ASSIGNED TASK: Make an exact copy of the lines from the one containing "Bachmann Mini-Planes Messerschmitt" through the end of the material, including both ends but no pictures.

THE DATA:
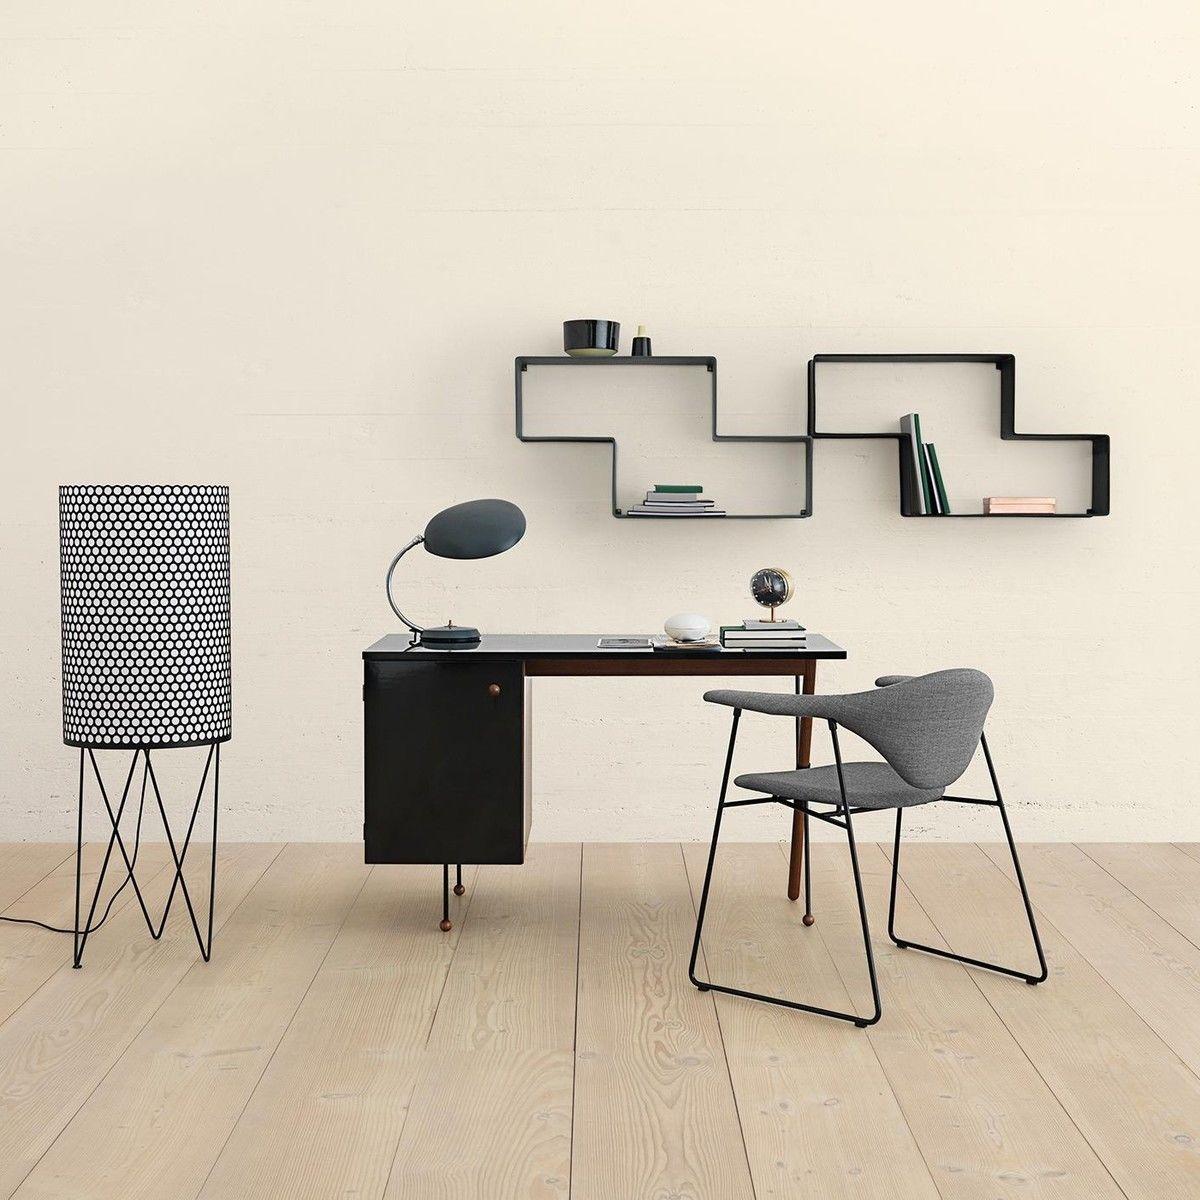 gubi grossman 62 series schreibtisch gubi. Black Bedroom Furniture Sets. Home Design Ideas
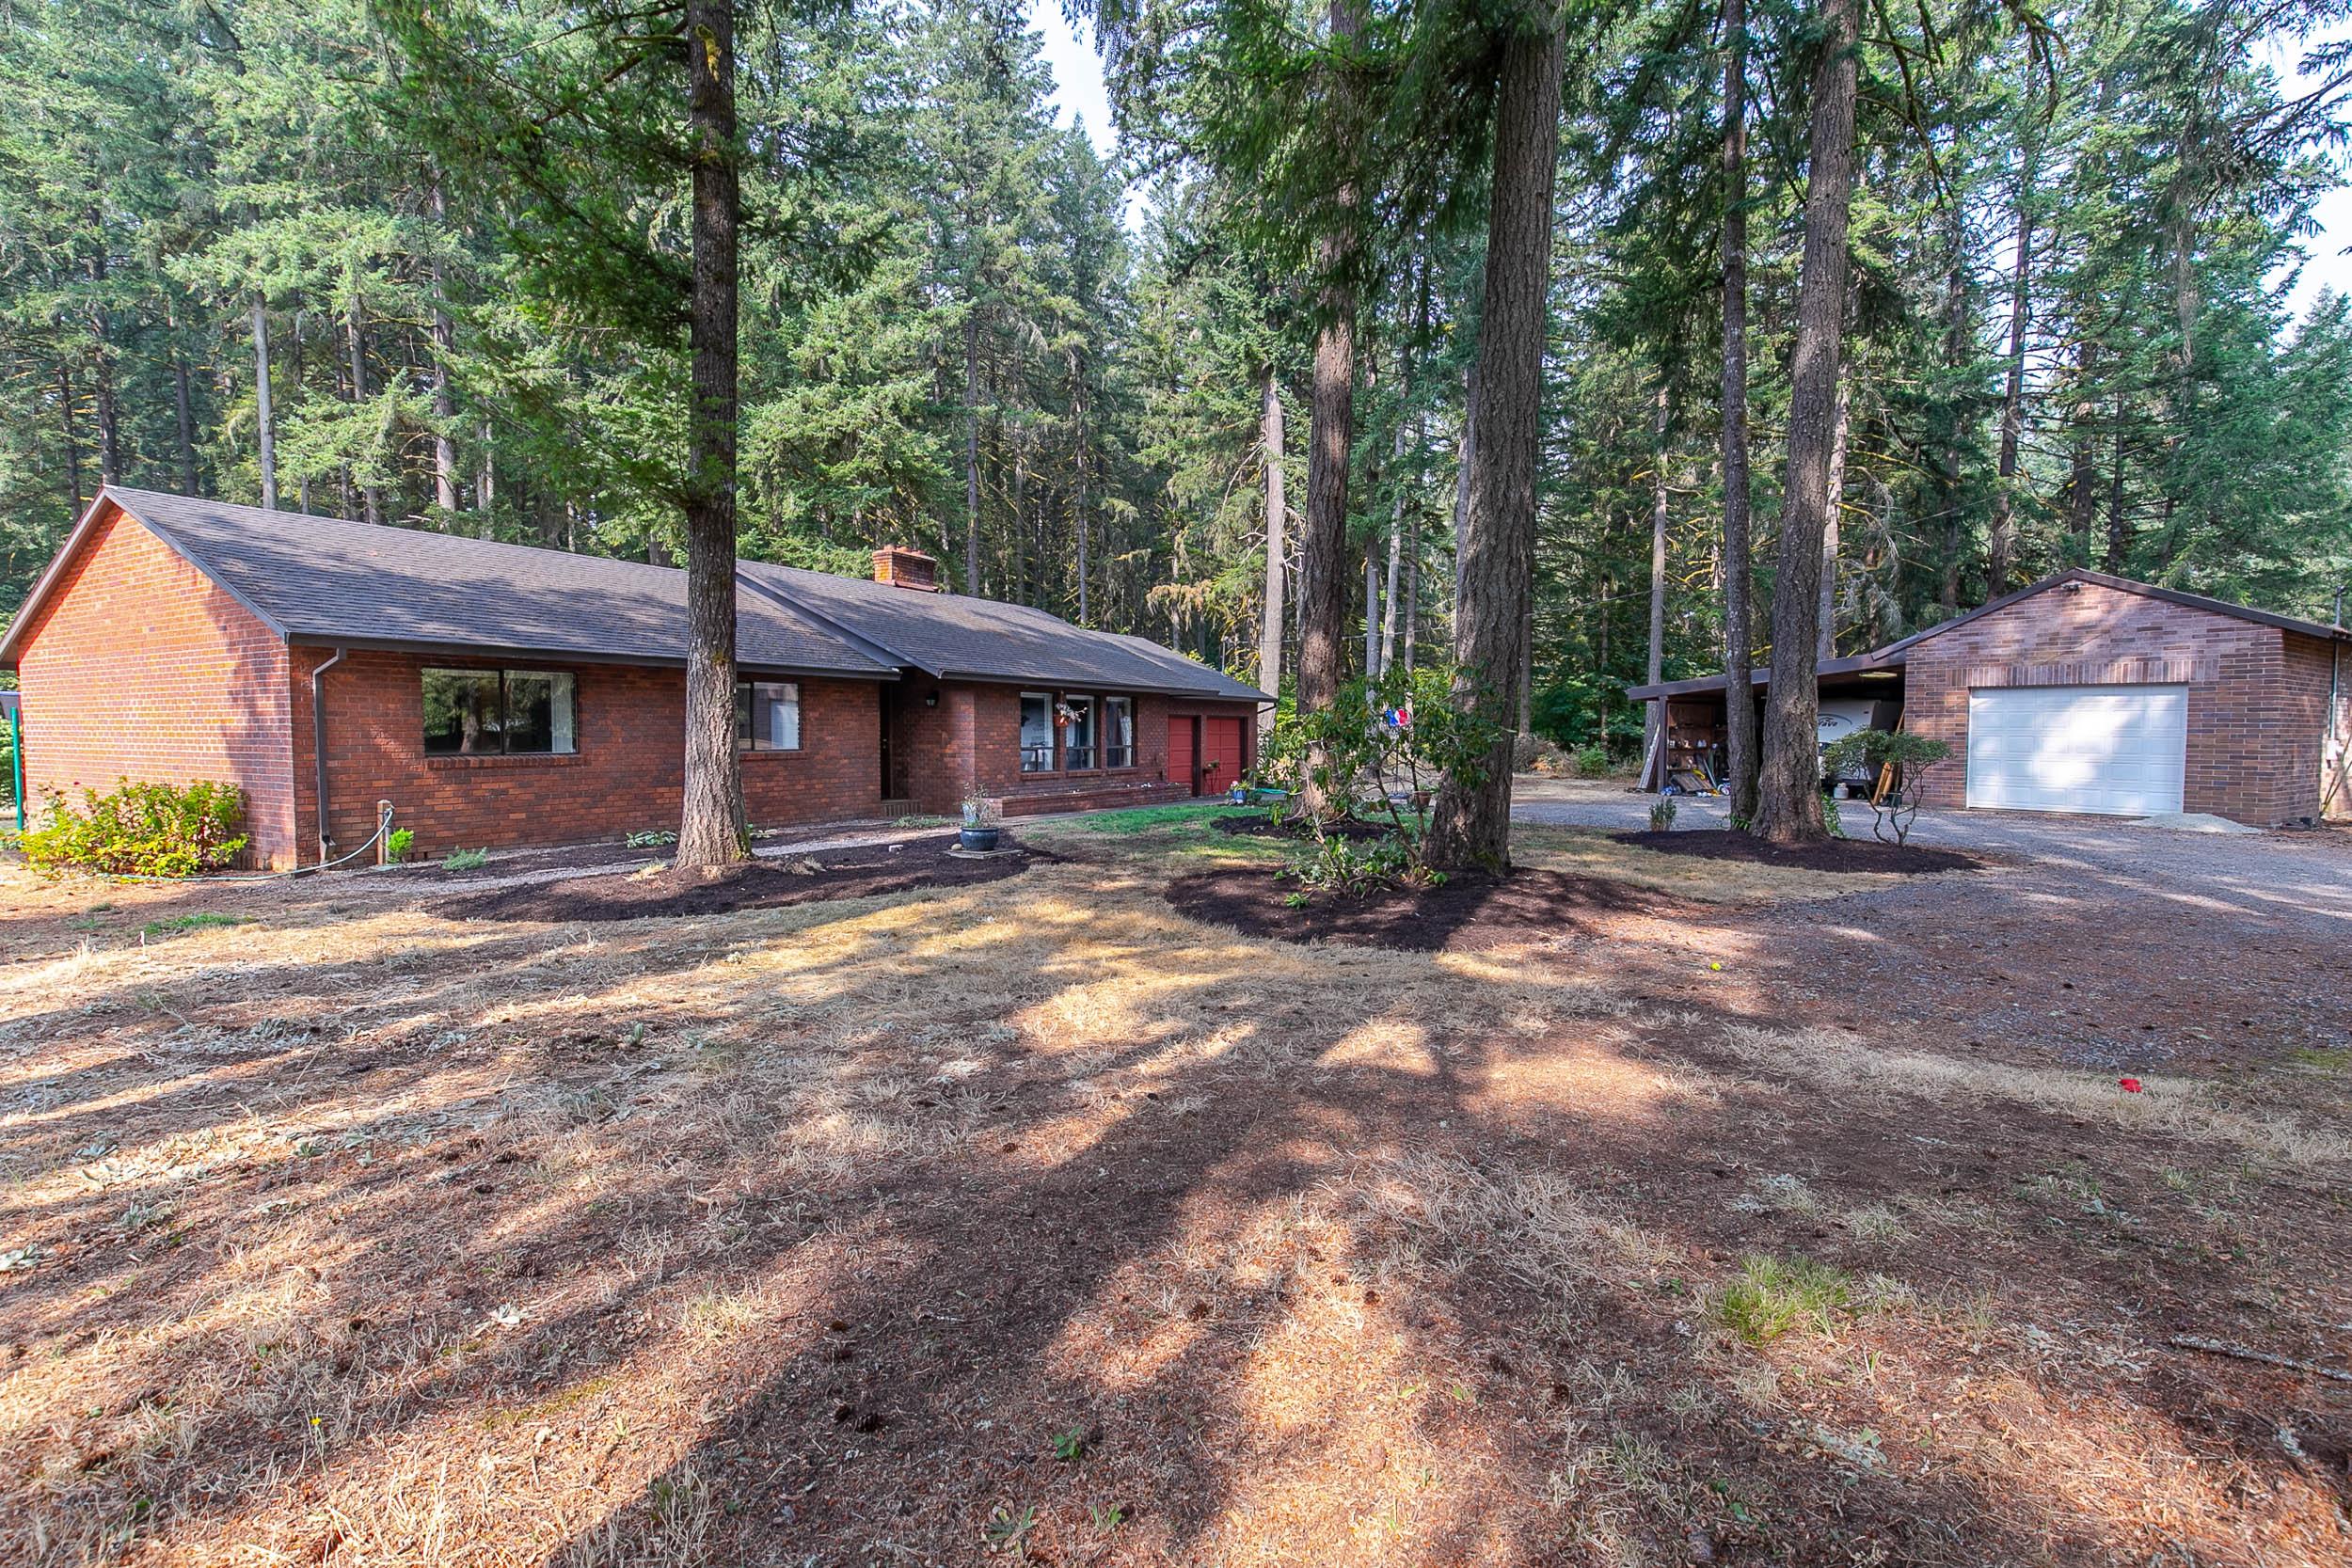 006_16181 S Eaden Rd Oregon City_MG_6625-HDR.jpg
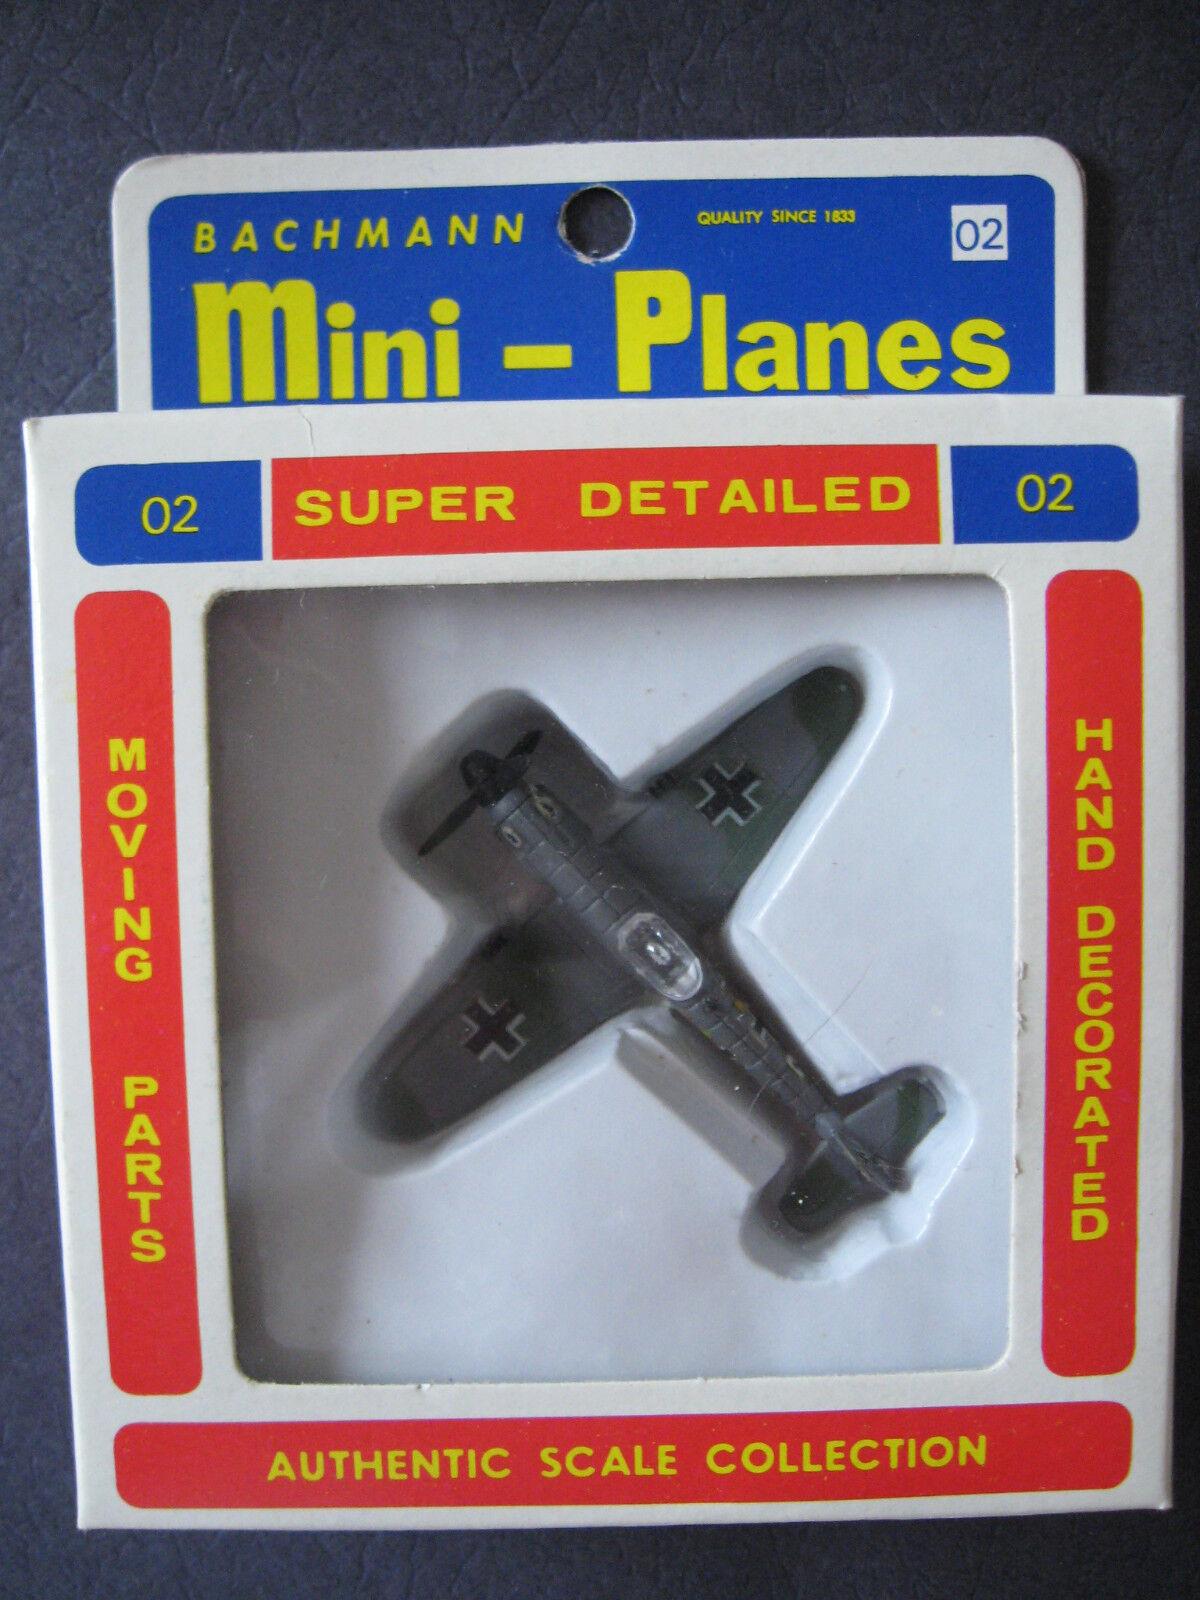 Bachmann Mini-Planes Messerschmitt ME109 MINT
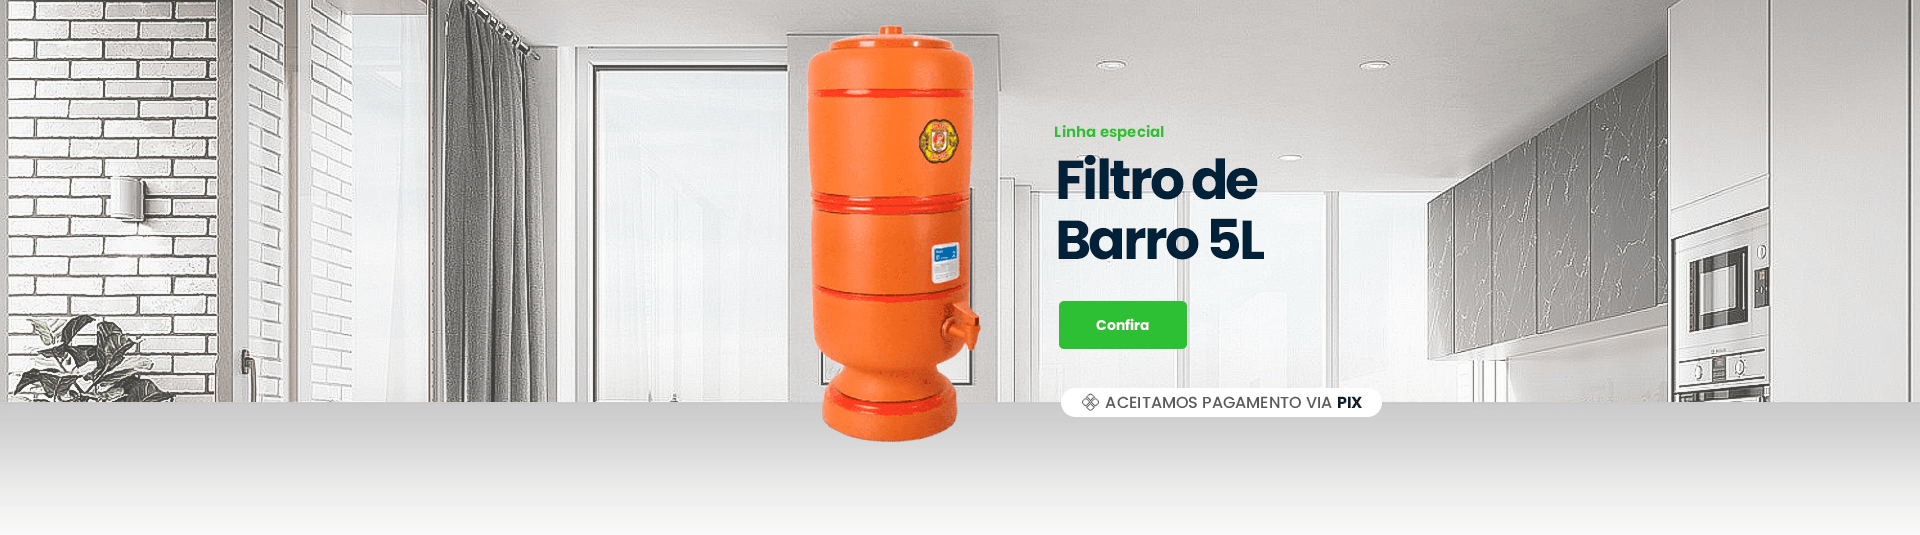 Filtro de Barro 5L (Santa Maria)

SOLVED EXERCISE:
 Bachmann Mini-Planes Messerschmitt ME109 MINT
 Filtro de Barro 5L (Santa Maria)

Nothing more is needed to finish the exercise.